NAS Abolishes the Ischemic PC-Induced Increase in BH4 Synthesis
As shown in Figure 7, in rabbits preconditioned 24 hours earlier and given vehicle (group XIII) before euthanasia, the BH4 content was increased in the ischemic/reperfused myocardium compared with the nonischemic myocardium (0.45±0.06 versus 0.24±0.03 ng/mg tissue, P<0.05), which confirms the results obtained in group VI in study I. In rabbits that received NAS 24 hours after PC (group XIV), the BH4 content was measured 30 minutes after NAS. In the nonischemic zone, BH4 levels (0.19±0.03 ng/mg tissue) were similar to those observed in group XIII, which indicates that NAS did not affect basal BH4 content; in contrast, in the ischemic/reperfused myocardium, the ischemic PC-induced increase in BH4 content was completely abolished (Figure 7), which indicates that the dose of NAS was sufficient to block the increased synthesis of BH4 associated with late PC. In rabbits that received NAS pretreatment 30 minutes before the ischemic PC protocol on day 1 (group XV), the BH4 content measured 24 hours later was similar to that observed in vehicle-treated rabbits (group XIII; Figure 7), which indicates that the inhibitory effect of NAS on ischemic PC-induced BH4 synthesis had disappeared by 24 hours after treatment.
Discussion
Although the late phase of ischemic PC has been well documented in healthy animals,2–5 to the best of our knowledge, no study has been performed to examine this phenomenon in animals with concurrent hypercholesterolemia.

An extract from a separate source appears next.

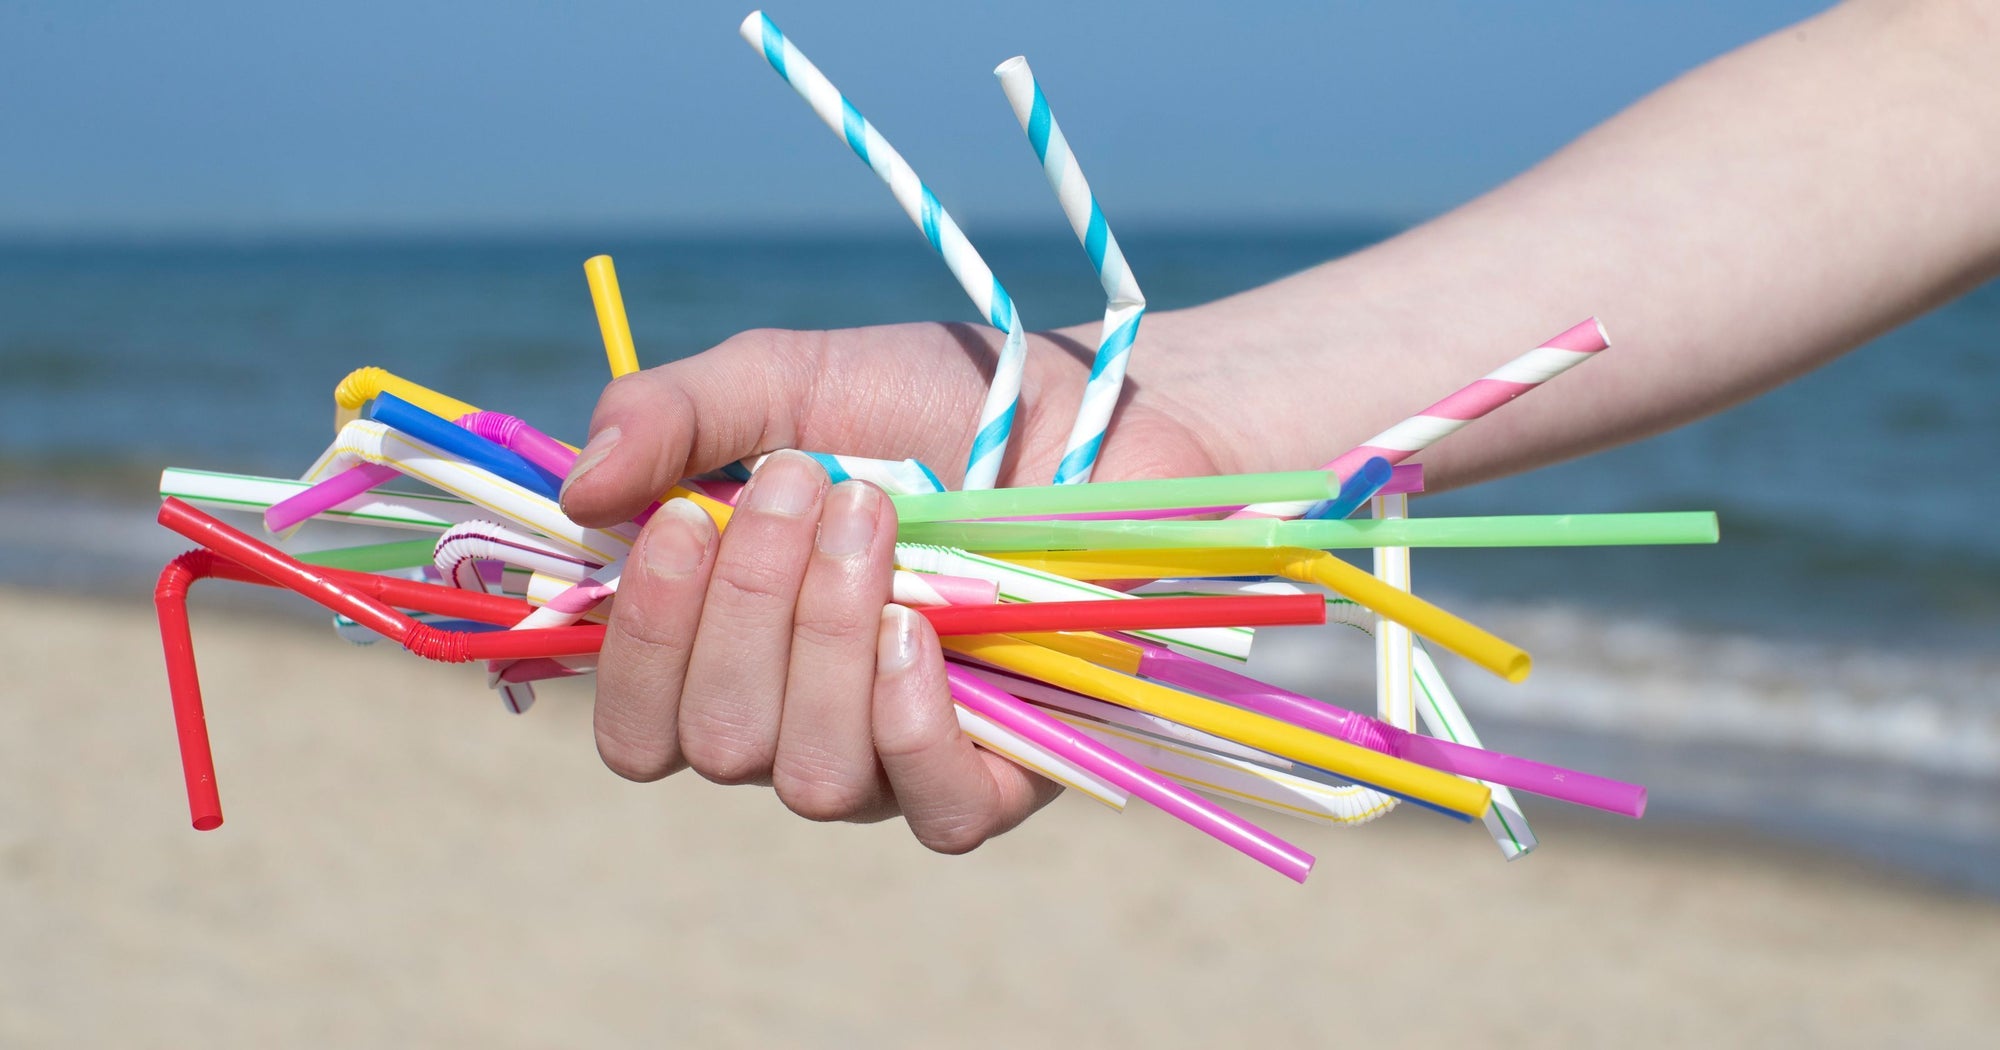 Reusable Straws - How to Keep Our Beaches Clean

The salient findings of the present investigation, conducted in a conscious animal model, can be summarized as follows: (1) brief episodes of ischemia/reperfusion induce delayed protection against myocardial infarction in normocholesterolemic rabbits but fail to do so in rabbits fed a 1% cholesterol diet for 6 weeks, which indicates that hypercholesterolemia abrogates the infarct-sparing effect of late PC; (2) brief episodes of ischemia/reperfusion result in increased myocardial BH4 content 24 hours later in healthy rabbits but not in hypercholesterolemic rabbits, which indicates that hypercholesterolemia prevents the upregulation of BH4 induced by ischemic PC; and (3) in healthy rabbits, the BH4 synthesis inhibitor NAS abolishes both the ischemic PC-induced increase in myocardial BH4 levels and the infarct-sparing effect of late PC, which demonstrates that augmented synthesis of BH4 is required for late PC. These data support the thesis that hypercholesterolemia interferes with late PC by preventing upregulation of myocardial BH4 levels.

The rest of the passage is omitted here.